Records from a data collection
--------------------

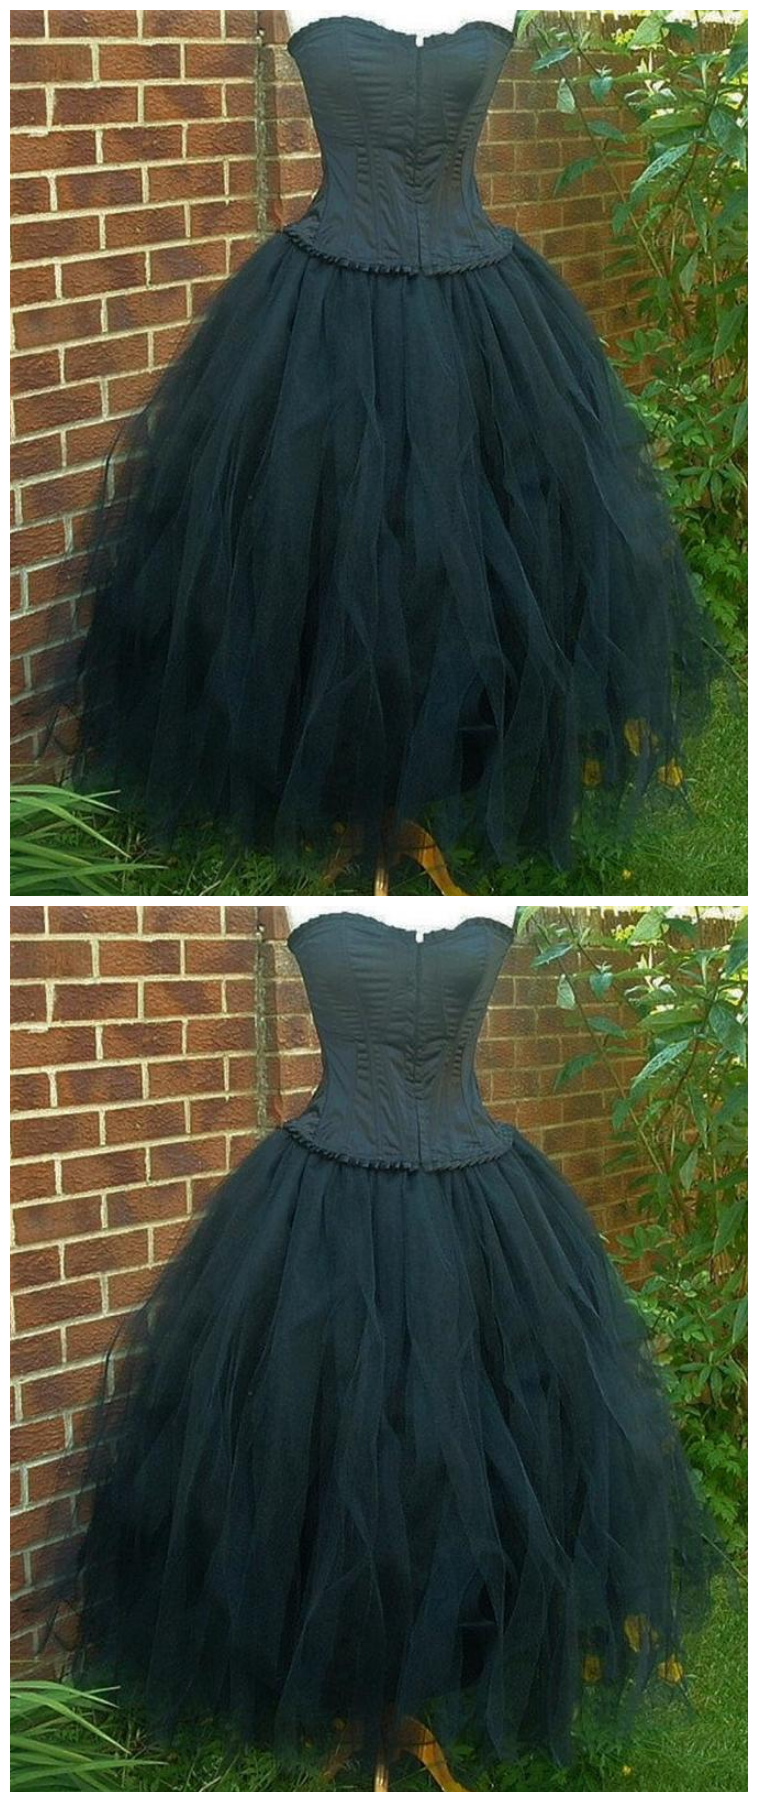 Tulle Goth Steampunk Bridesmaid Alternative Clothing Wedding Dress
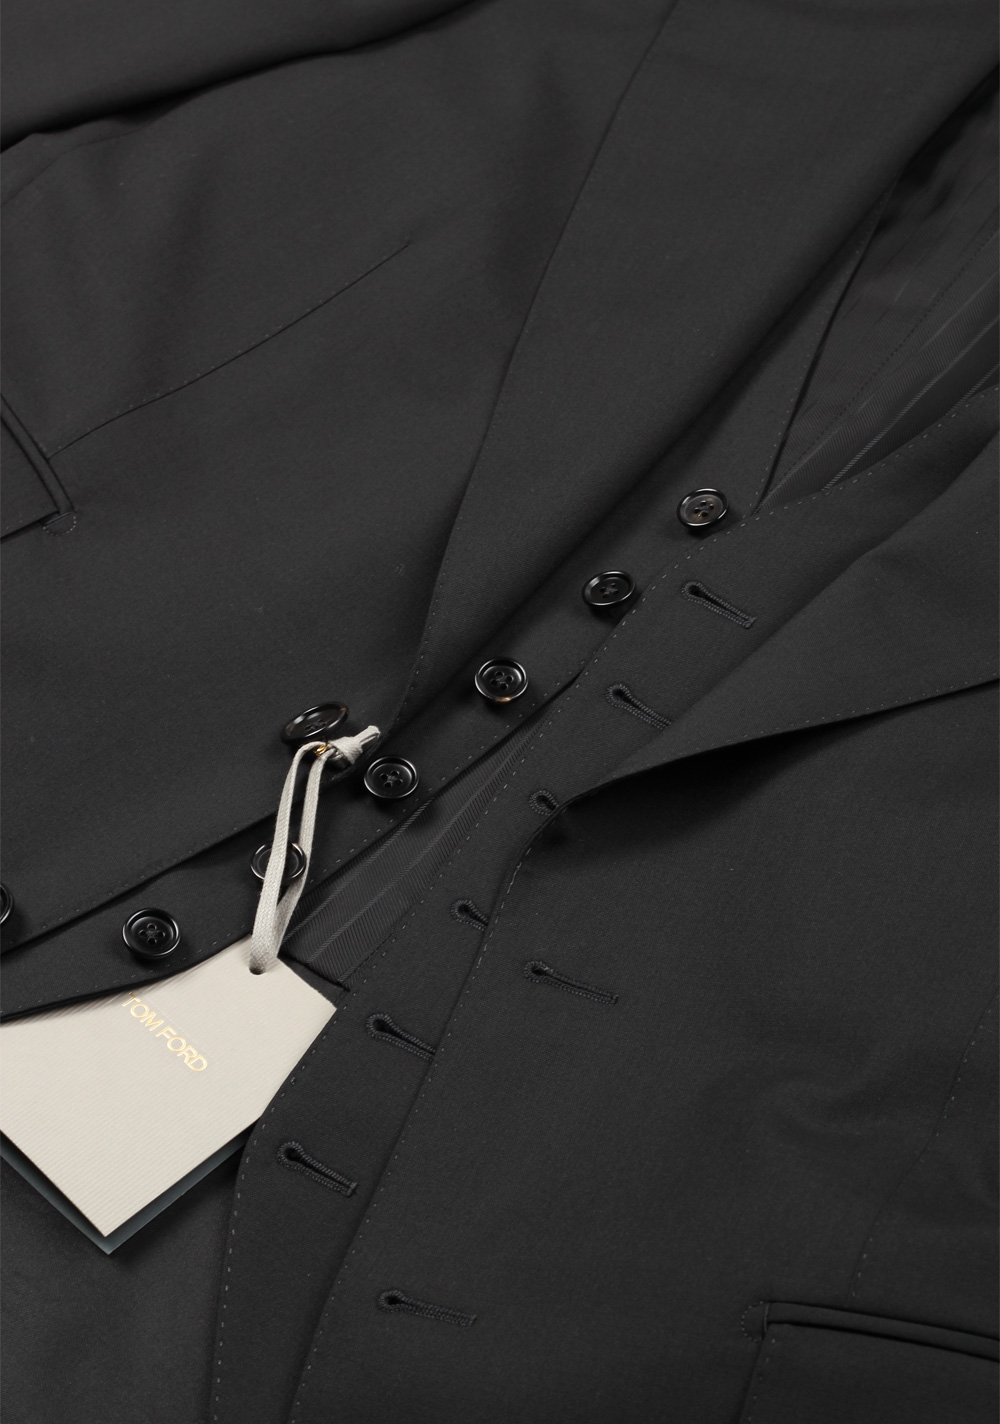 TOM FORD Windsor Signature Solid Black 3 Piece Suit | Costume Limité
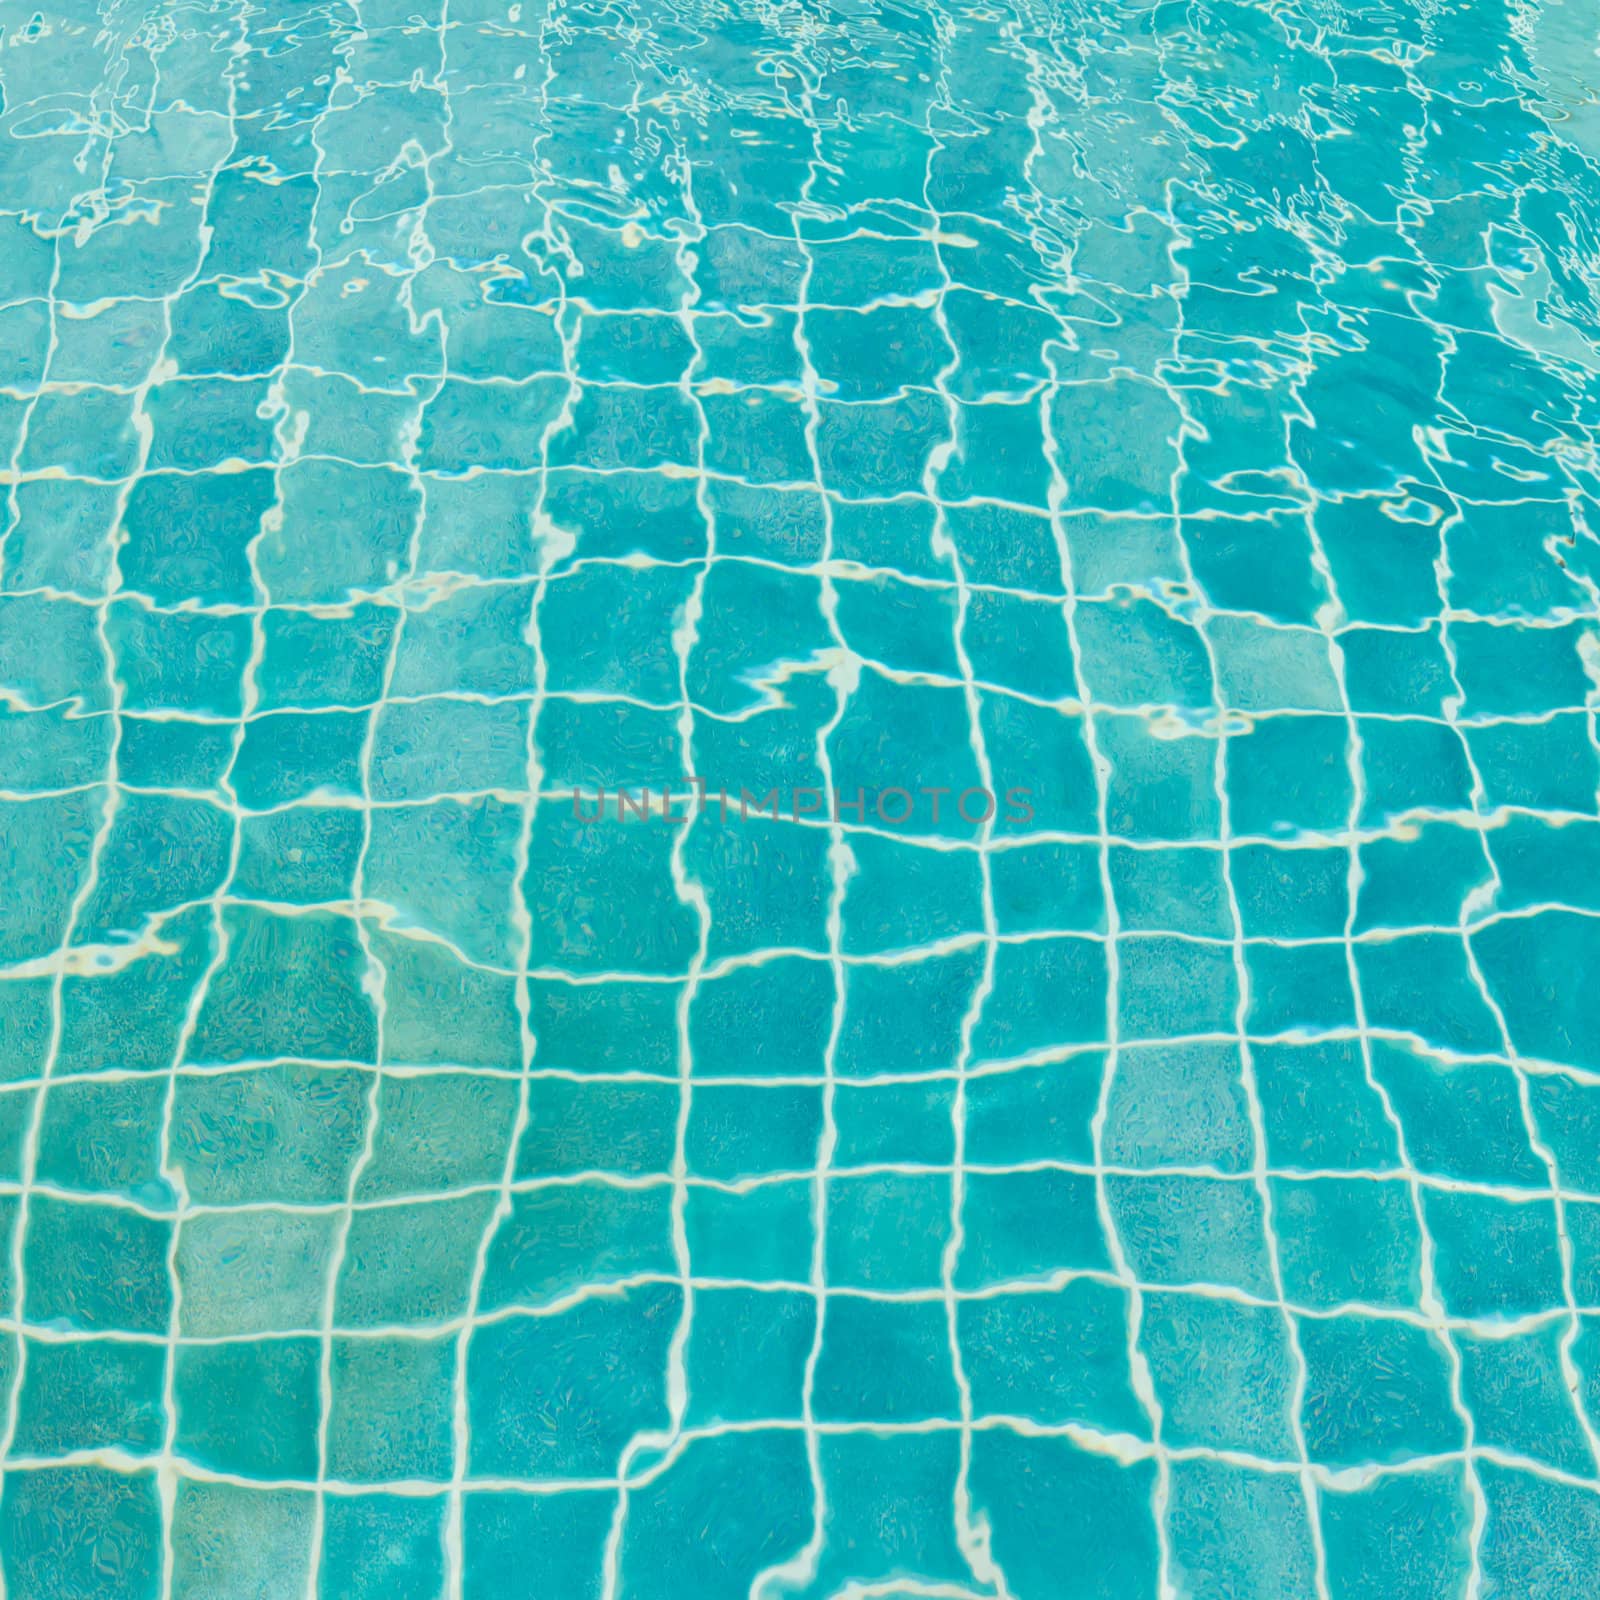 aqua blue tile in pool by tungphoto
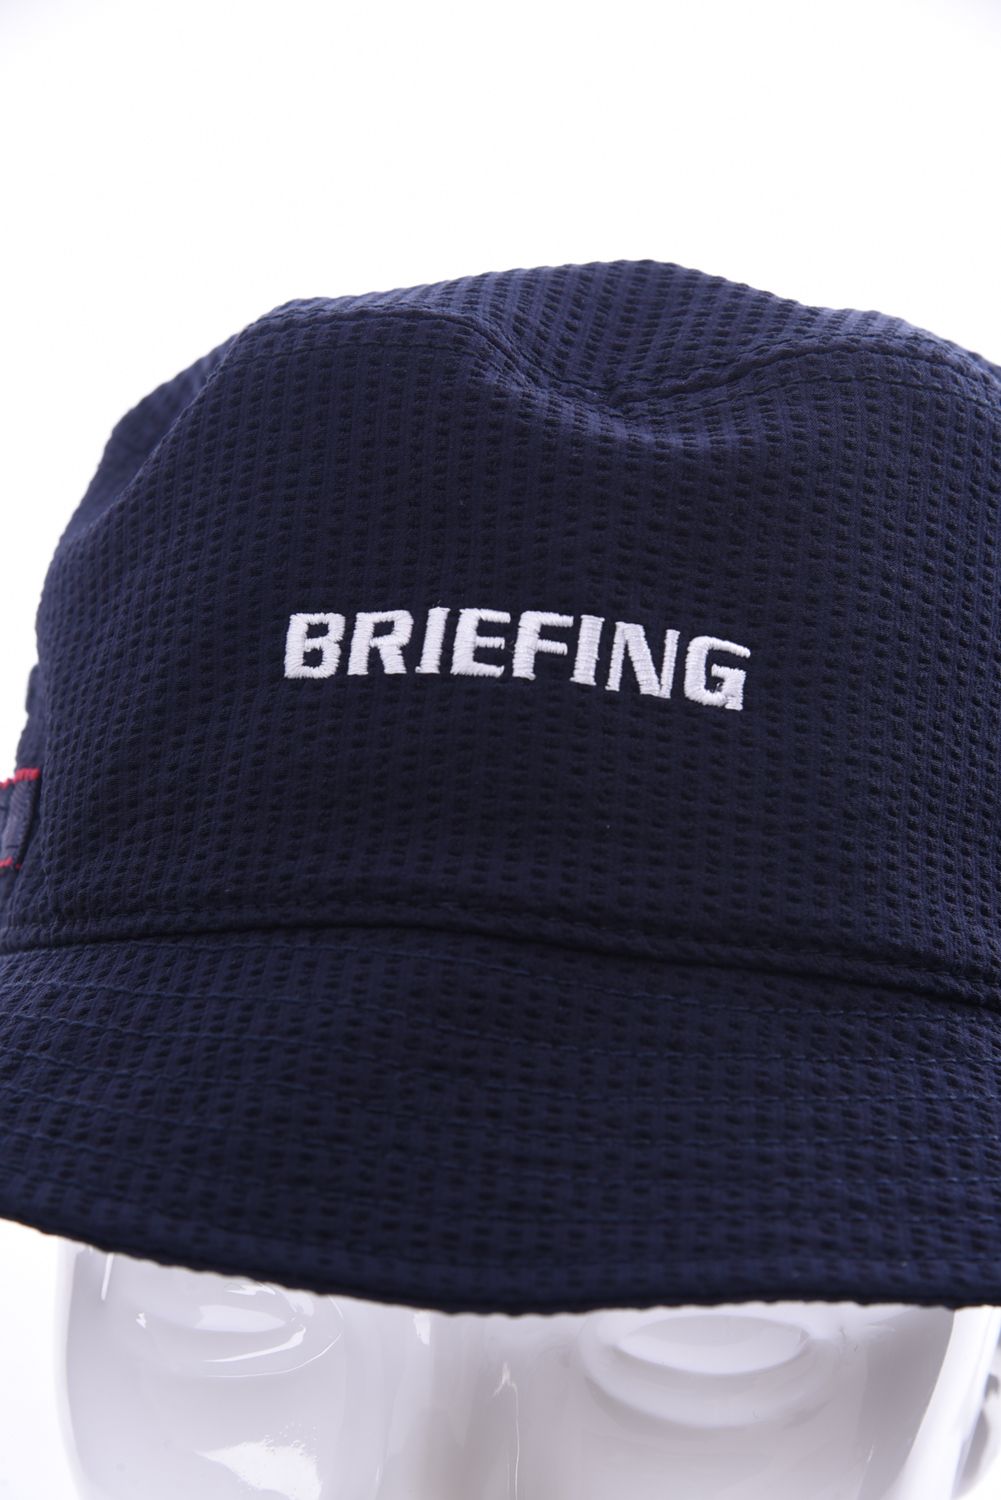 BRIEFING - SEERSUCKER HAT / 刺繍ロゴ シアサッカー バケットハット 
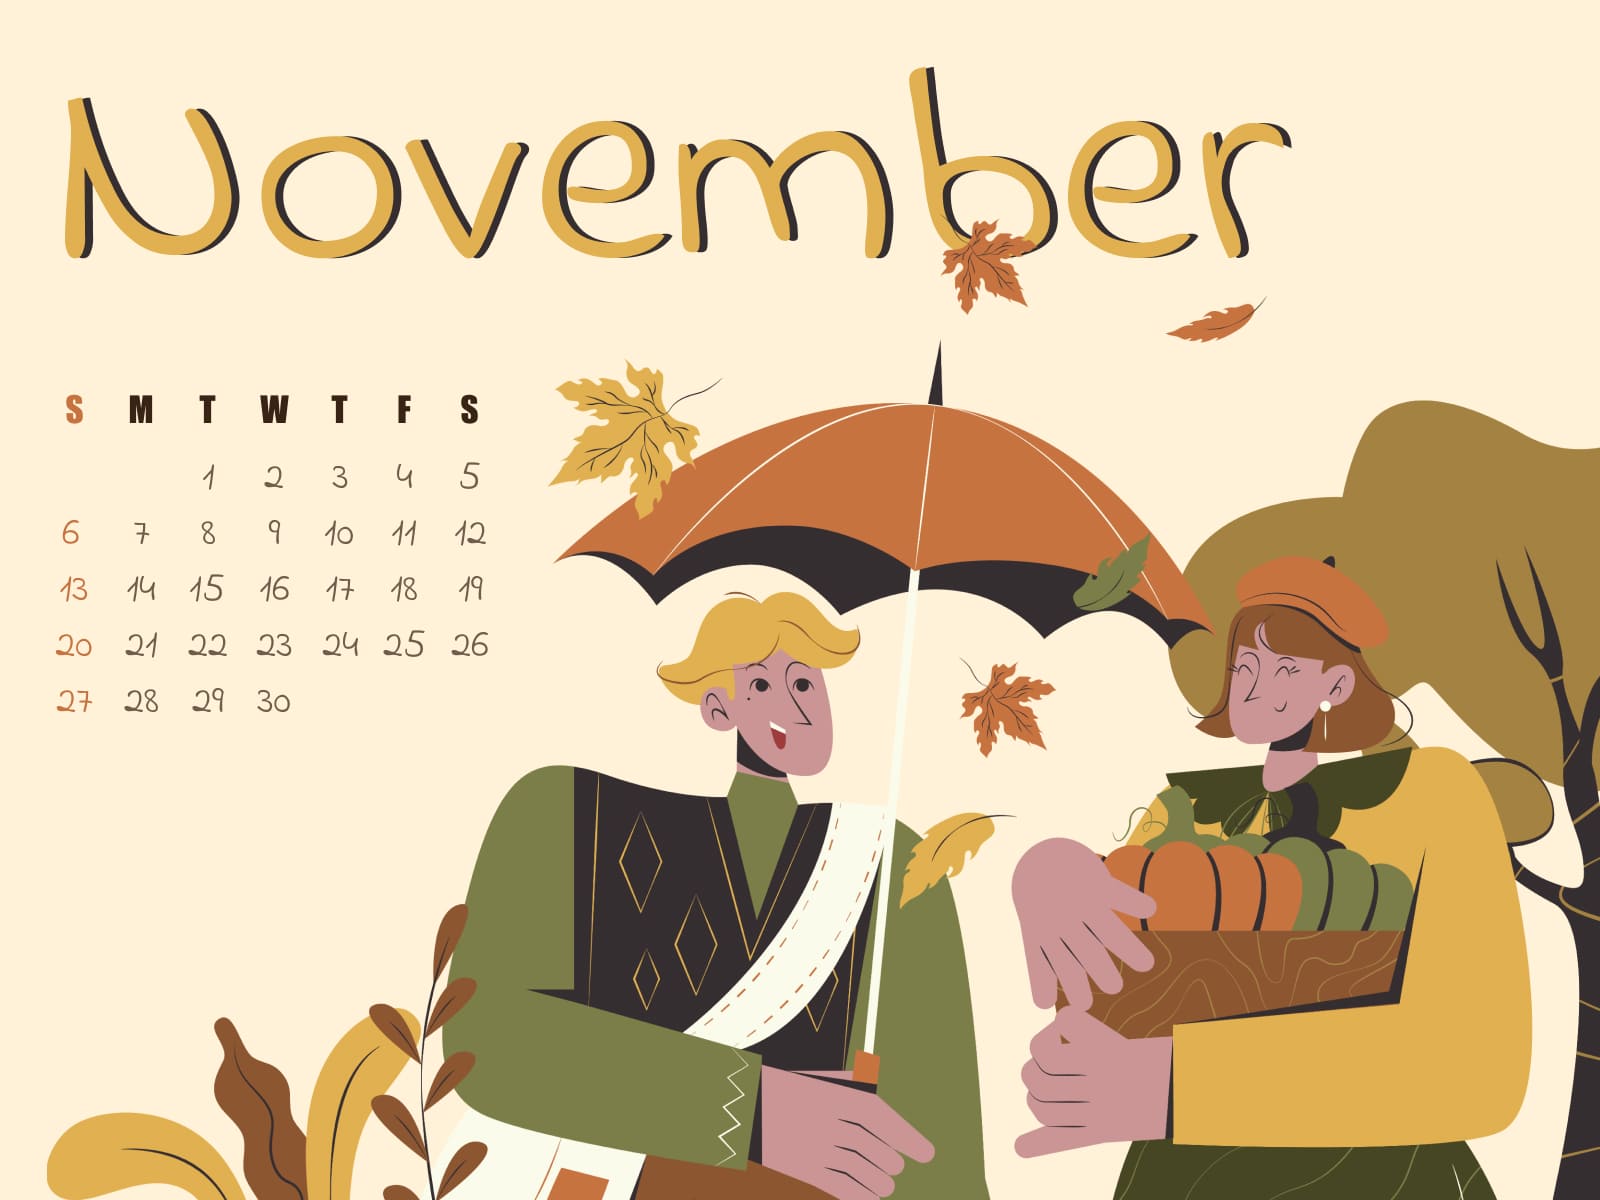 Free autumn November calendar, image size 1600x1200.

--------------------

Activity
Before duplicating, set the pictures aside; then output exactly the lines from the one with "TOM FORD Windsor" through the end of the records, and only those.

Answer area
 TOM FORD Windsor Signature Solid Black 3 Piece Suit | Costume Limité
 aqua blue tile in pool by tungphoto
 BRIEFING - SEERSUCKER HAT / 刺繍ロゴ シアサッカー バケットハット 
 Free autumn November calendar, image size 1600x1200.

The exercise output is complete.